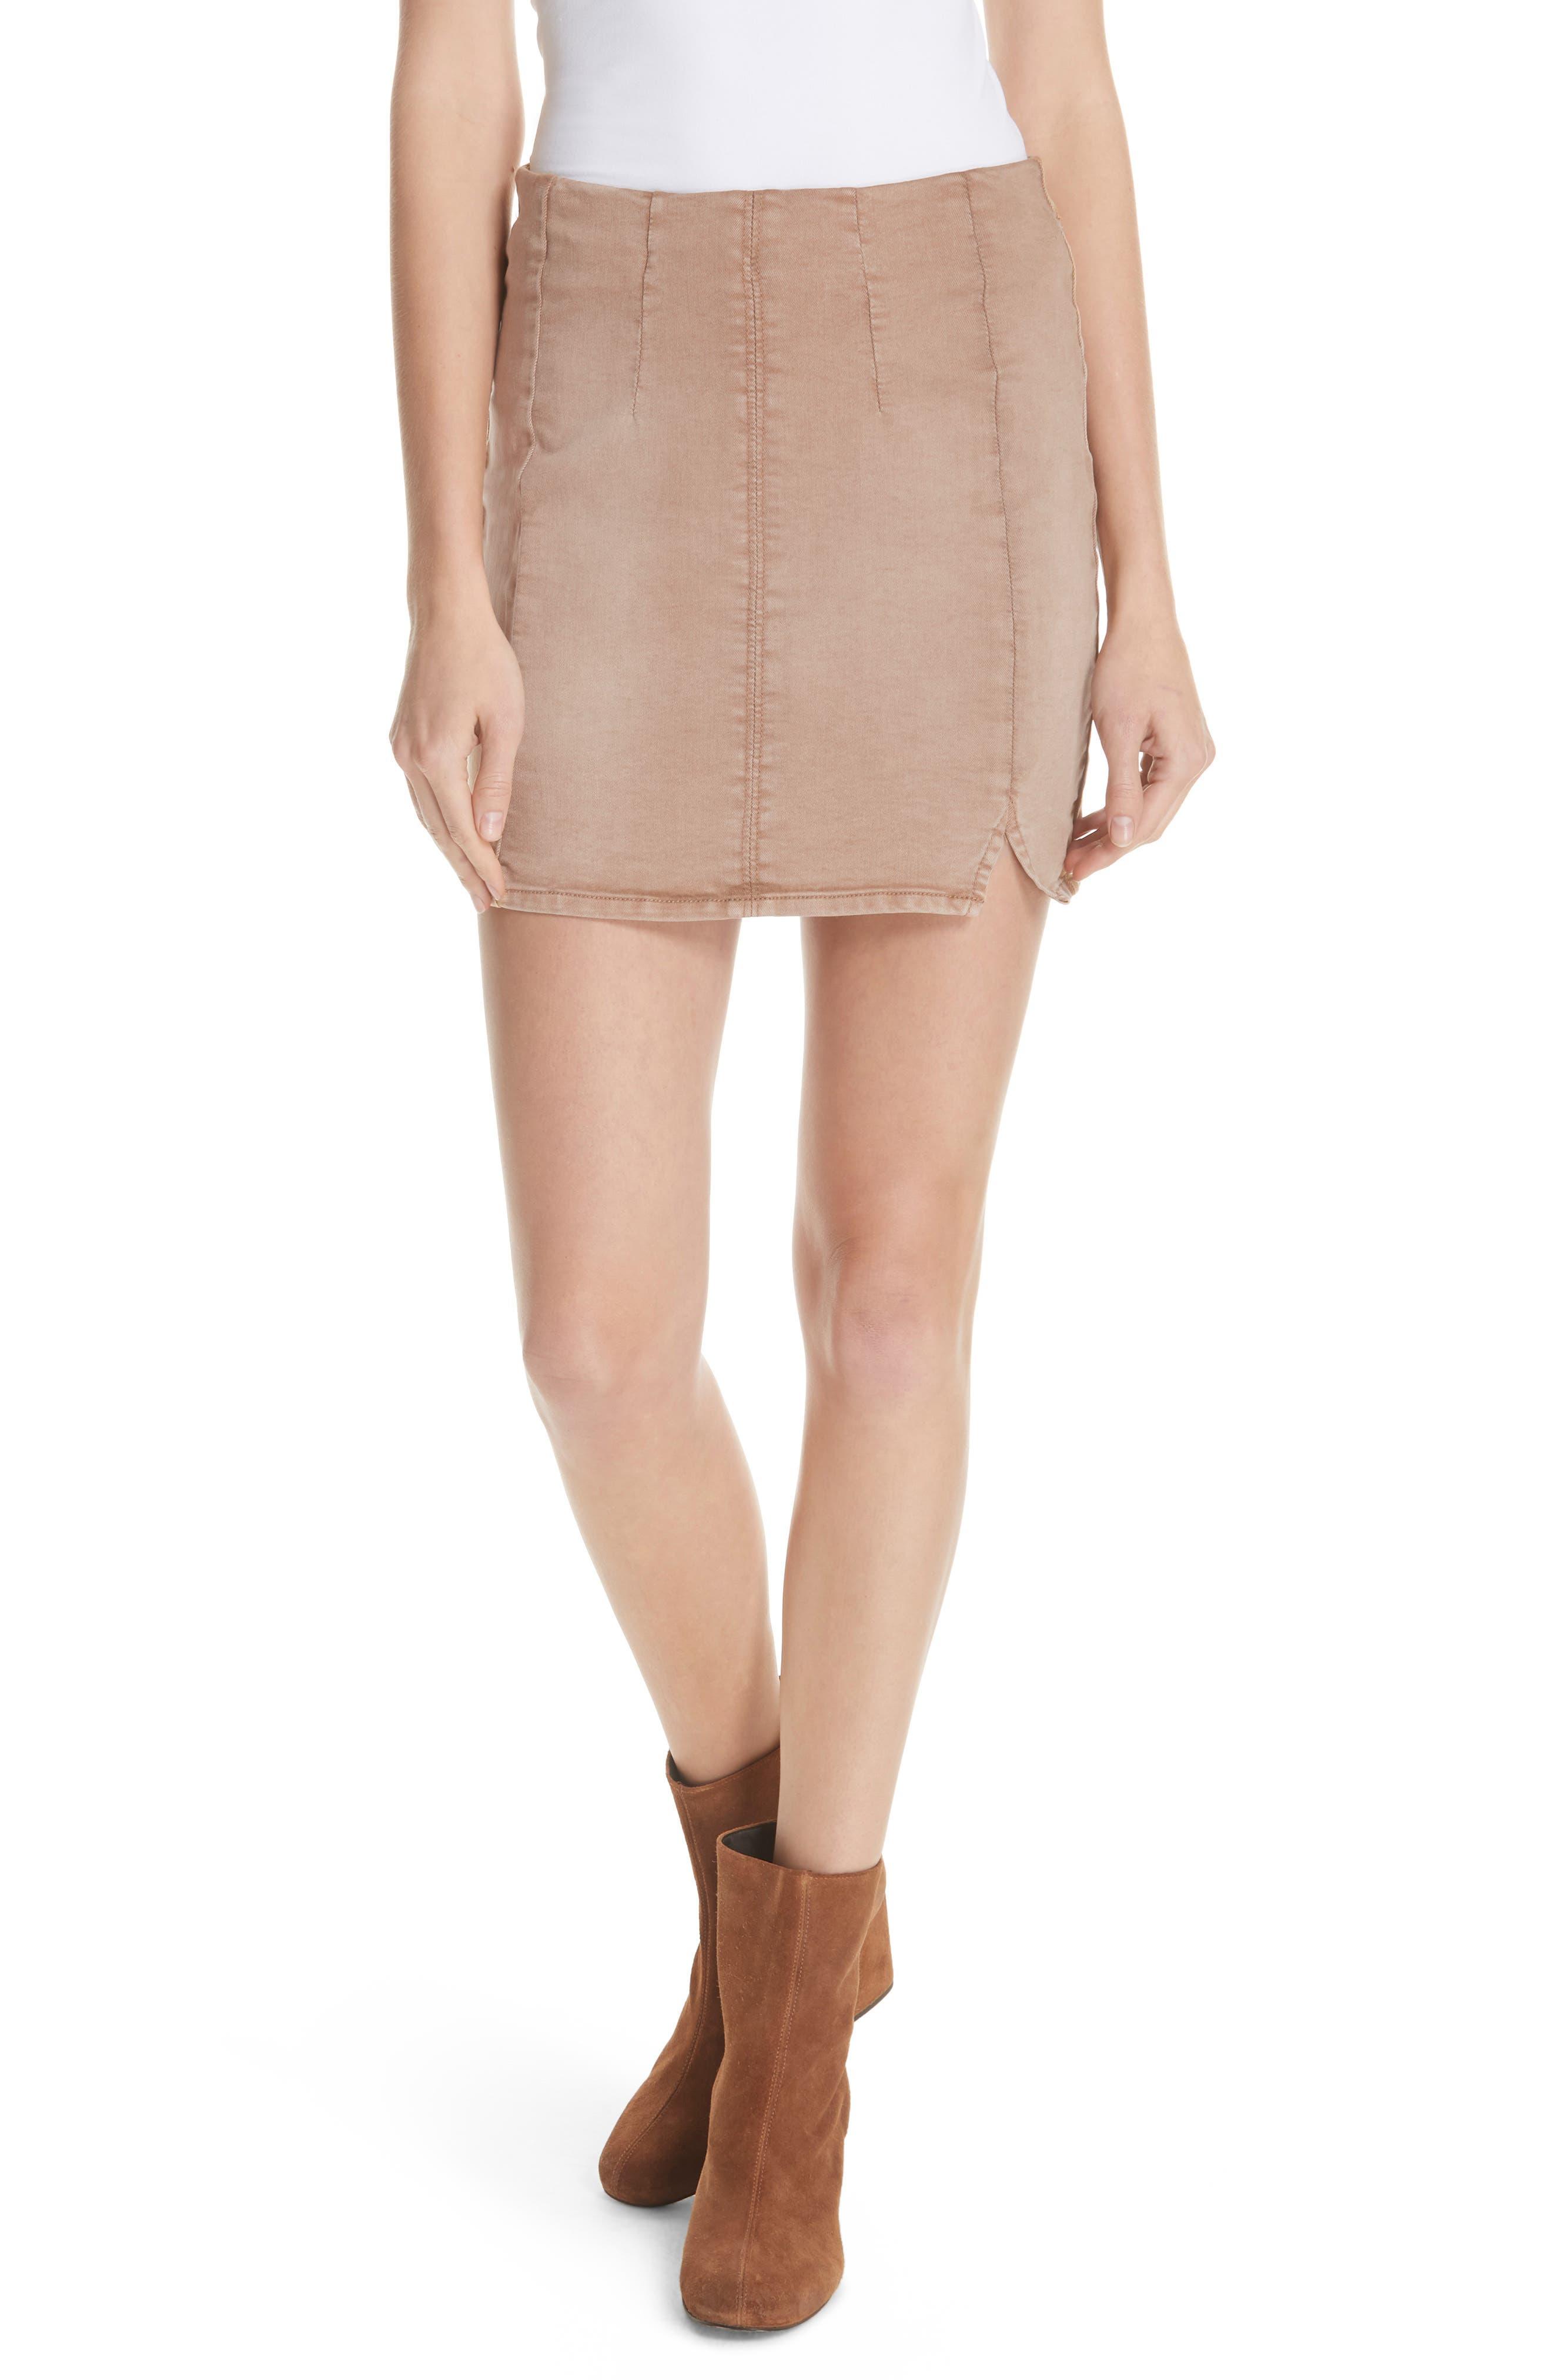 Femme Fatale Pull On Skirt,                         Main,                         color, KHAKI
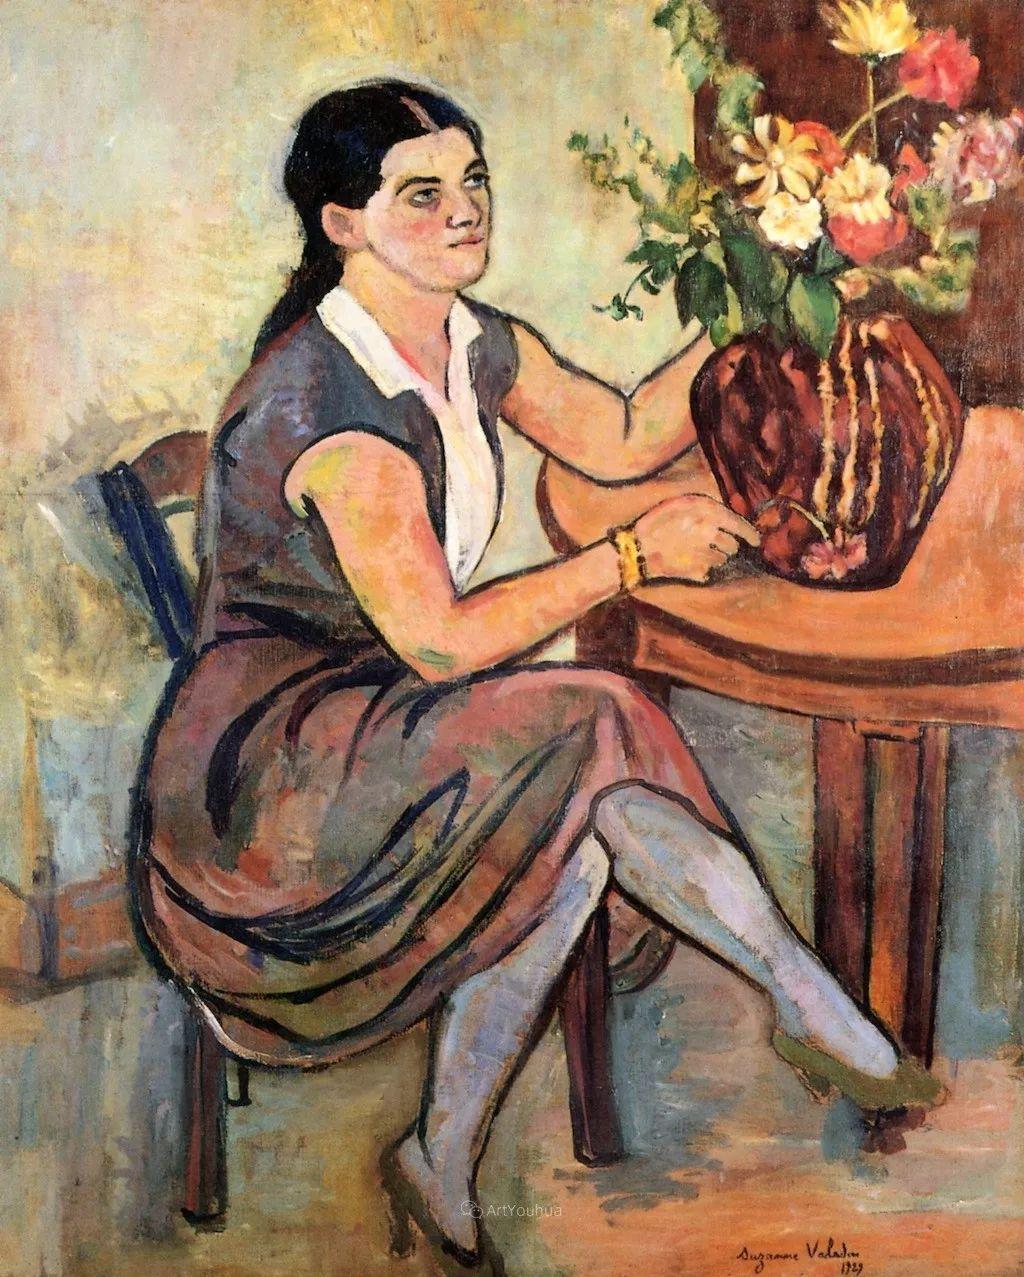 法国美术家协会第一个女性成员——苏珊娜·瓦拉东插图39
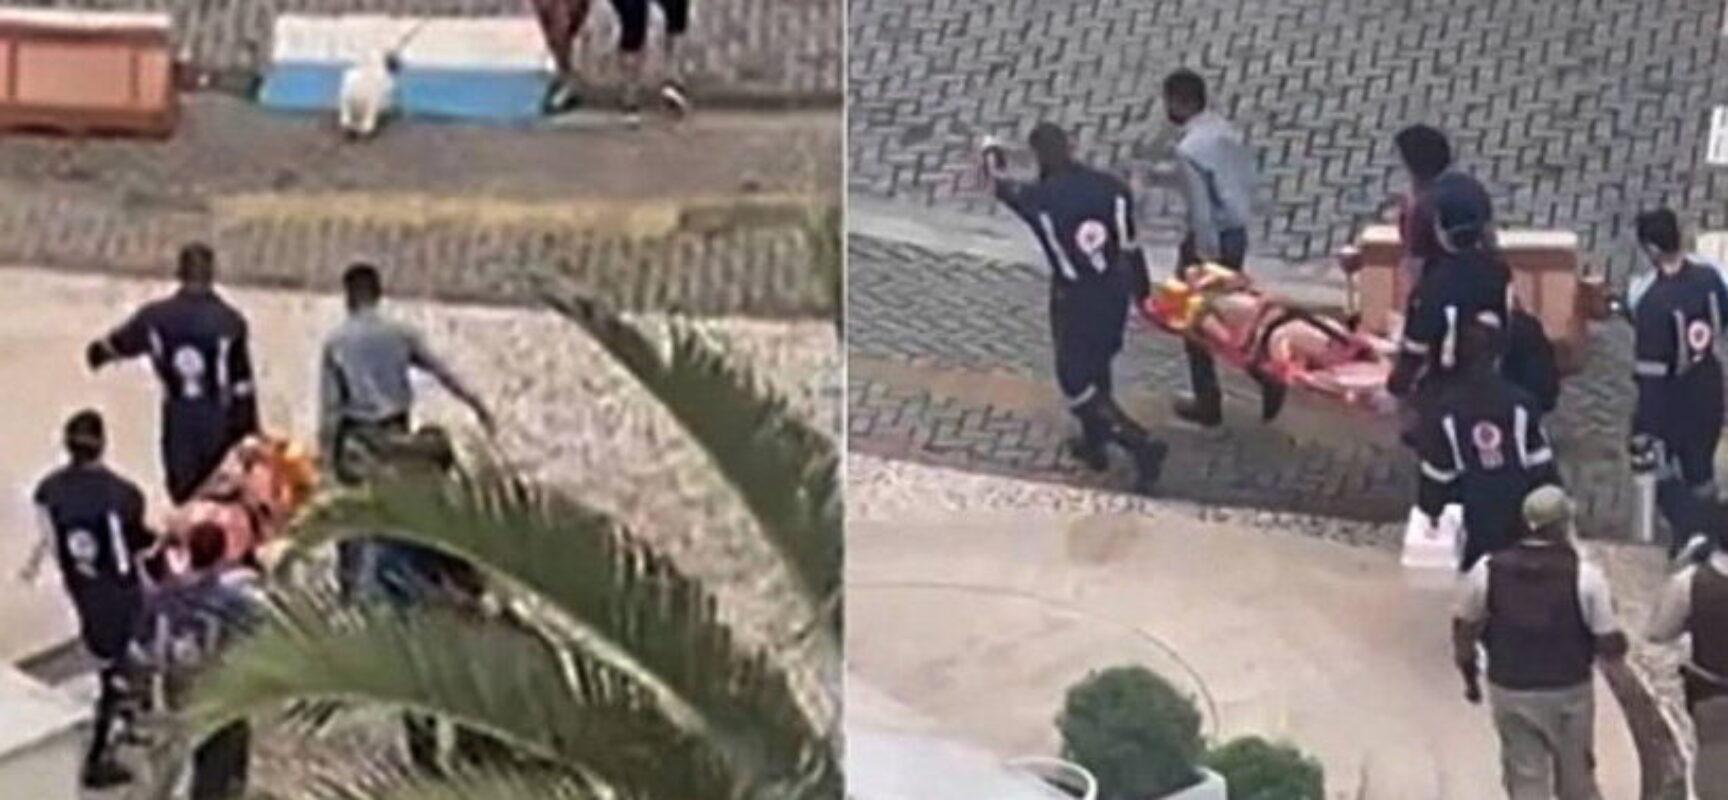 Babá pula do 3° andar de prédio em Salvador e acusa patroa de cárcere privado
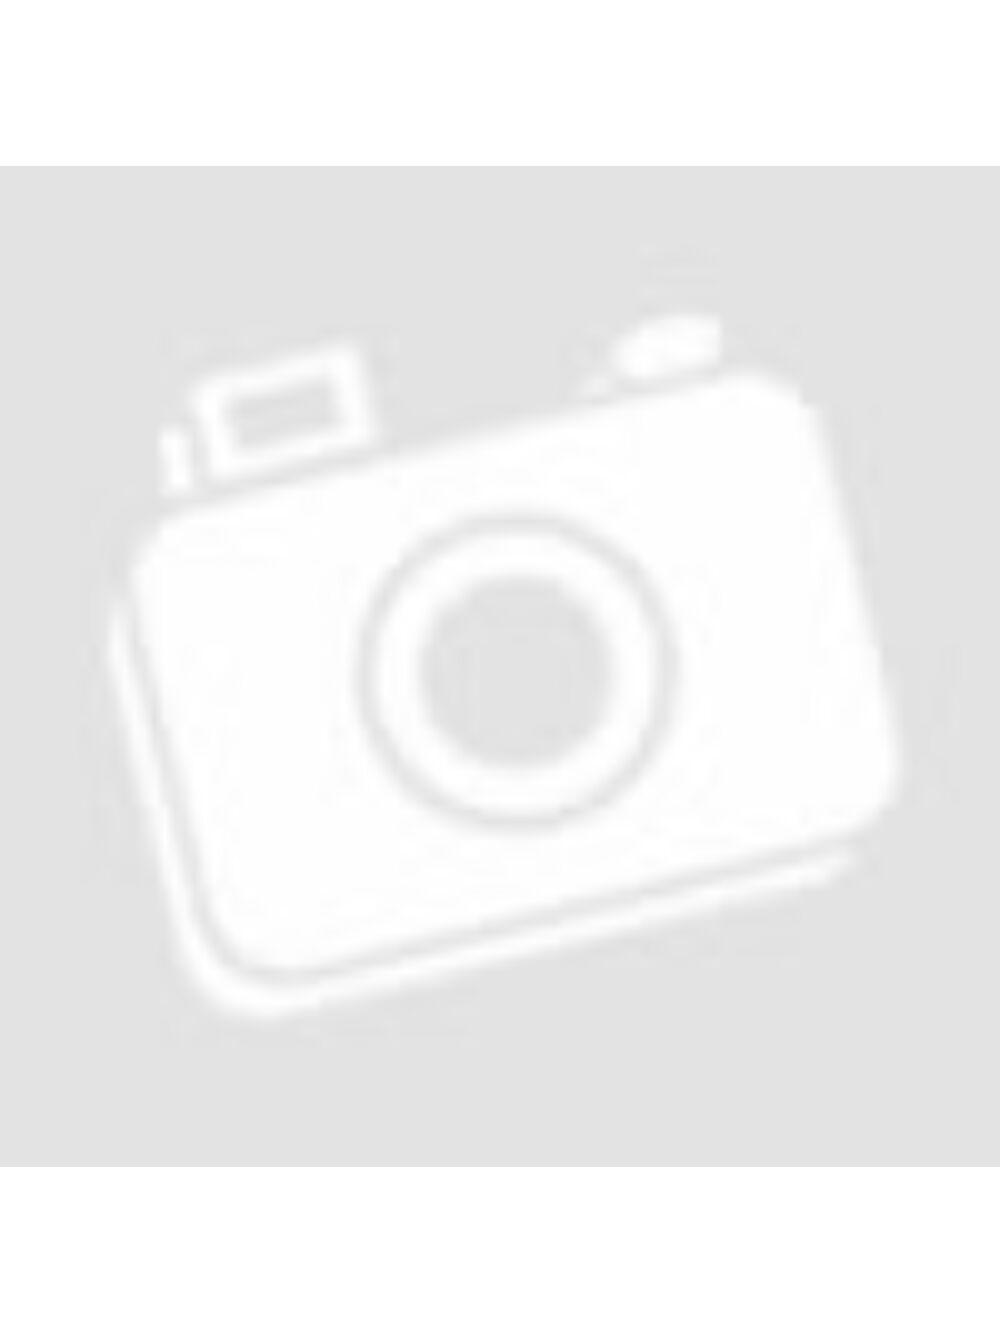 Gyöngy pasztel 25mm - Világos lila

* WHAT TO WORK ON
Transcribe the listing above verbatim. Omit the pictures.

* TASK RESPONSE
 Femme Fatale Pull On Skirt,                         Main,                         color, KHAKI
 法国美术家协会第一个女性成员——苏珊娜·瓦拉东插图39
 Babá pula do 3° andar de prédio em Salvador e acusa patroa de cárcere privado
 Gyöngy pasztel 25mm - Világos lila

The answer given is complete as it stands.